PROMPT> All of the data should be repeated exactly; pictures are not part of the copy.

DATASET EXTRACT>

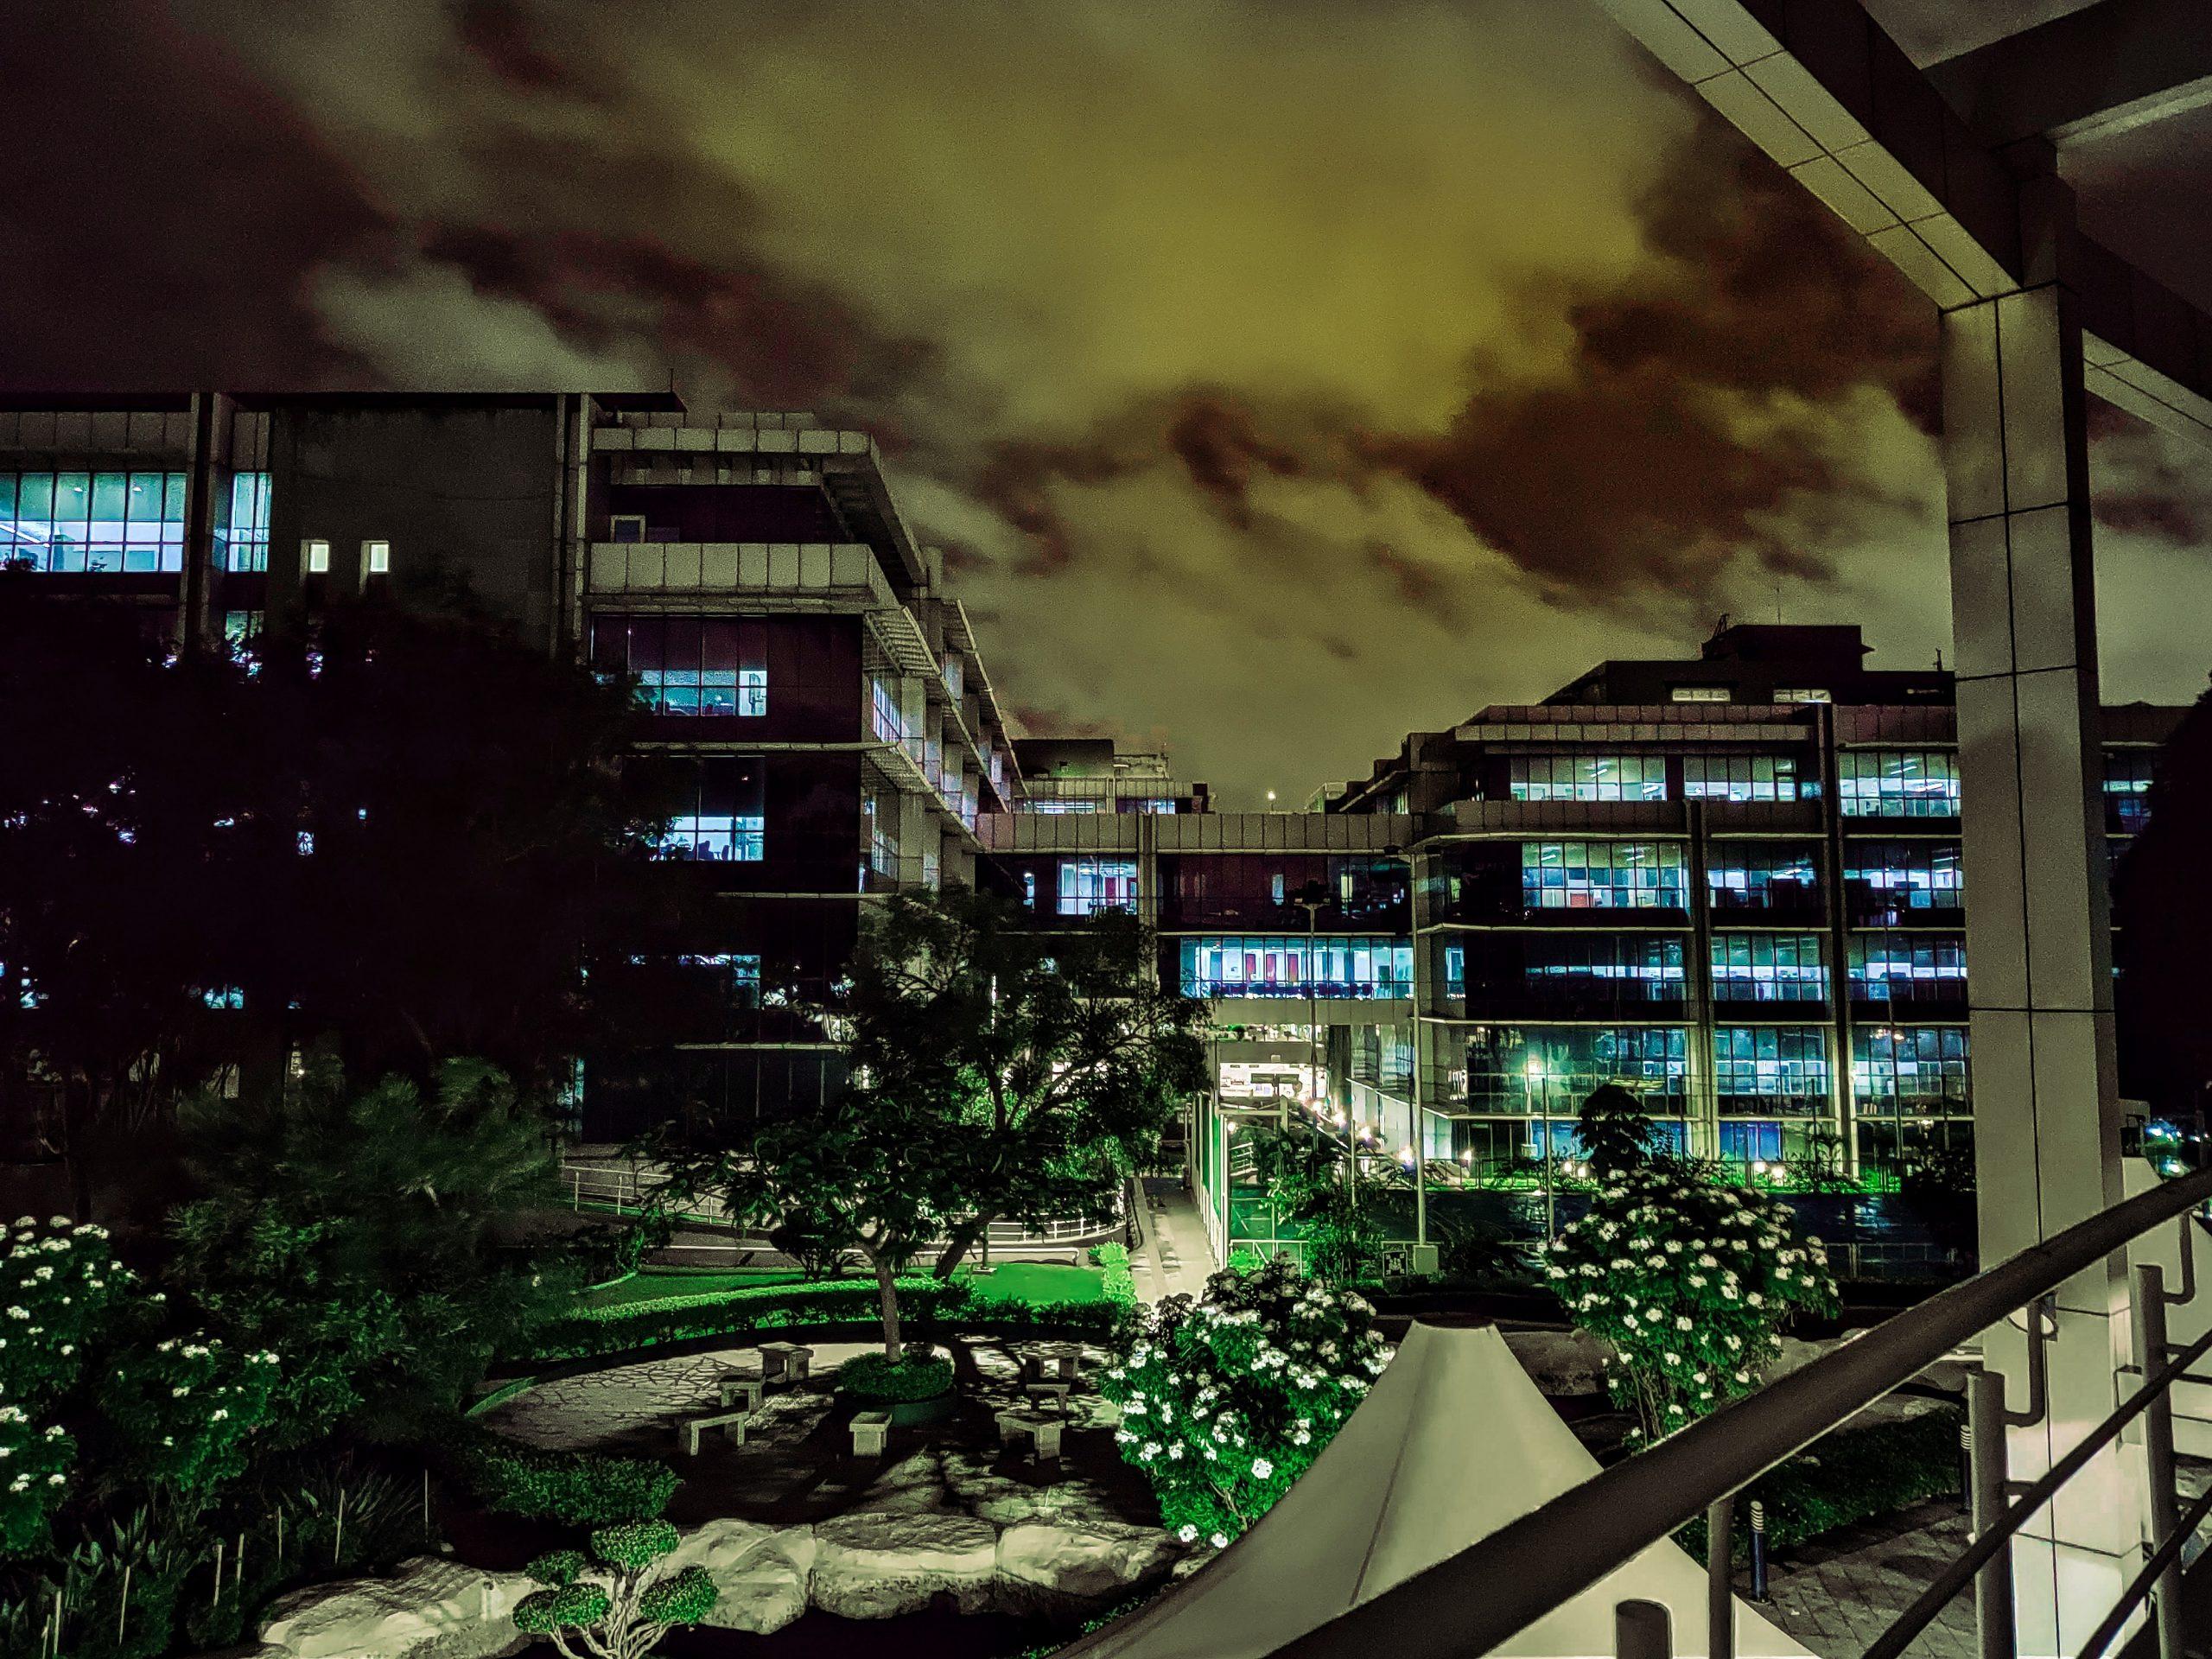 Penthouse Apartment at Night
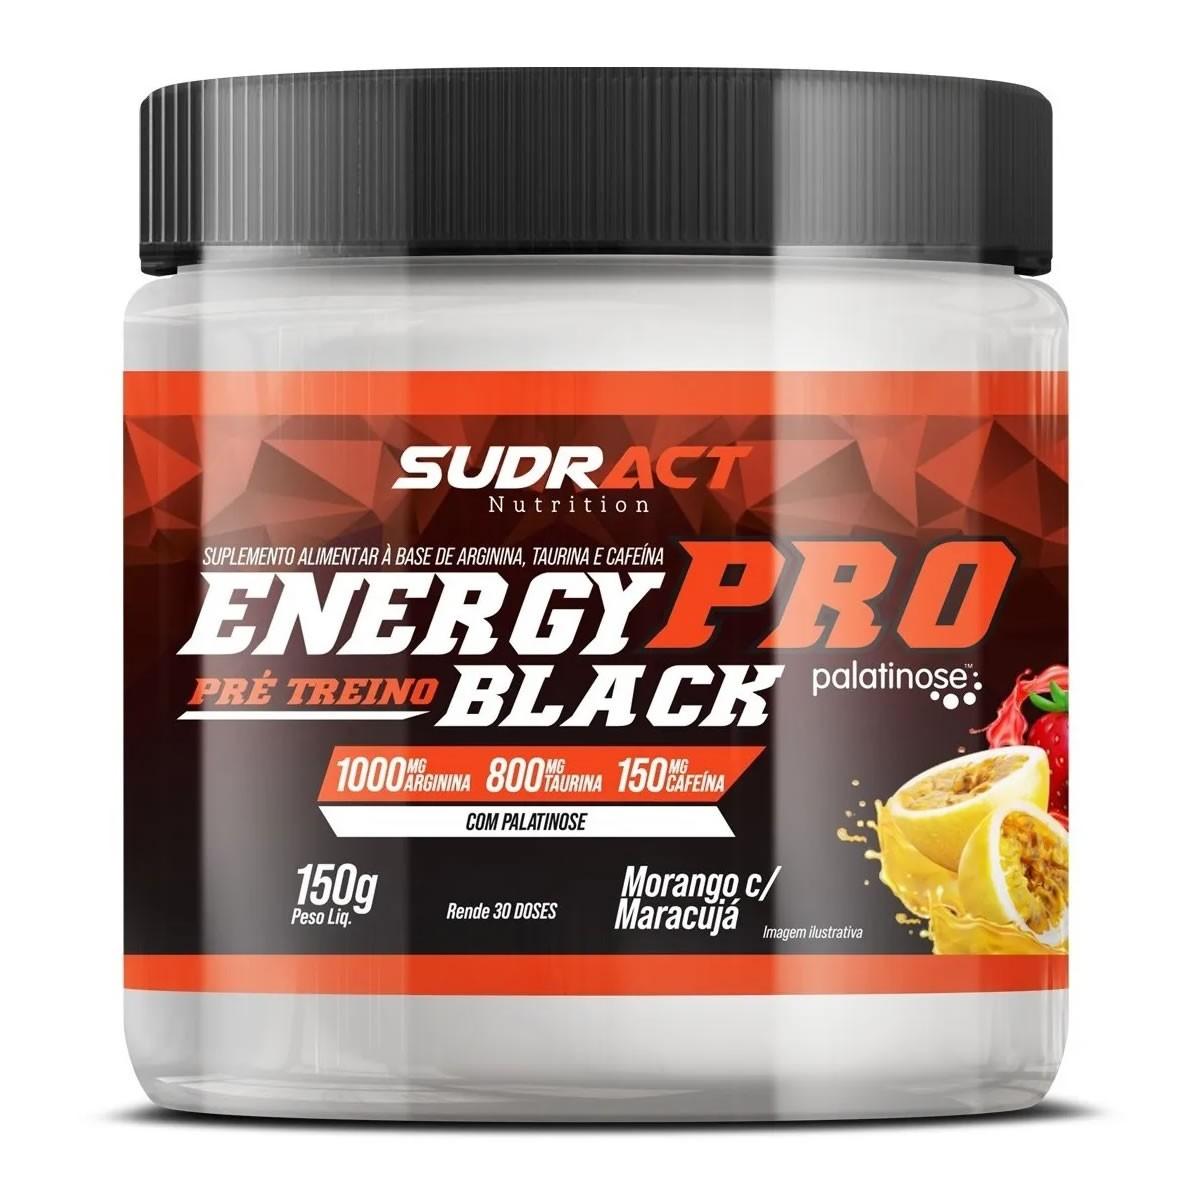 Energy Pro Black 150g - Sudract
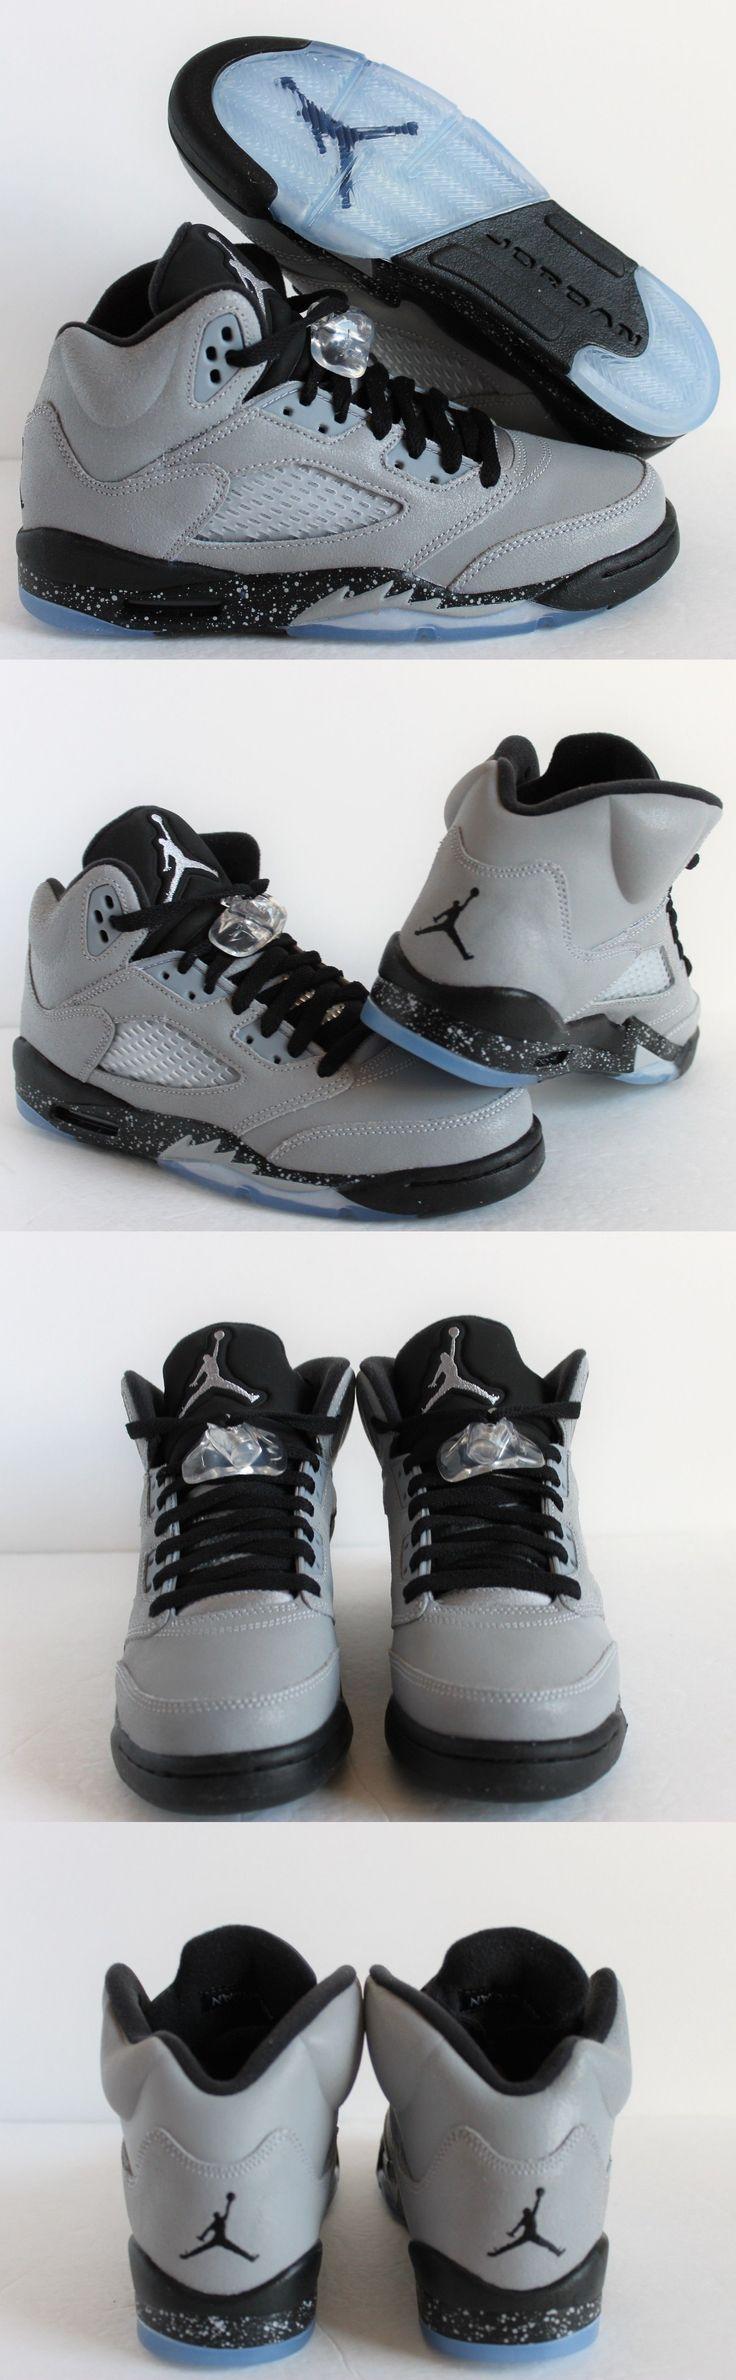 Unisex Shoes 155202: Air Jordan 5 Retro Gg Wolf Grey-Black Sz 6Y -Womens Sz 7.5 [440892-008] -> BUY IT NOW ONLY: $125.99 on eBay!

SOLUTION>
 Penthouse Apartment at Night
 Energy Pro Black 150g - Sudract
 Unisex Shoes 155202: Air Jordan 5 Retro Gg Wolf Grey-Black Sz 6Y -Womens Sz 7.5 [440892-008] -> BUY IT NOW ONLY: $125.99 on eBay!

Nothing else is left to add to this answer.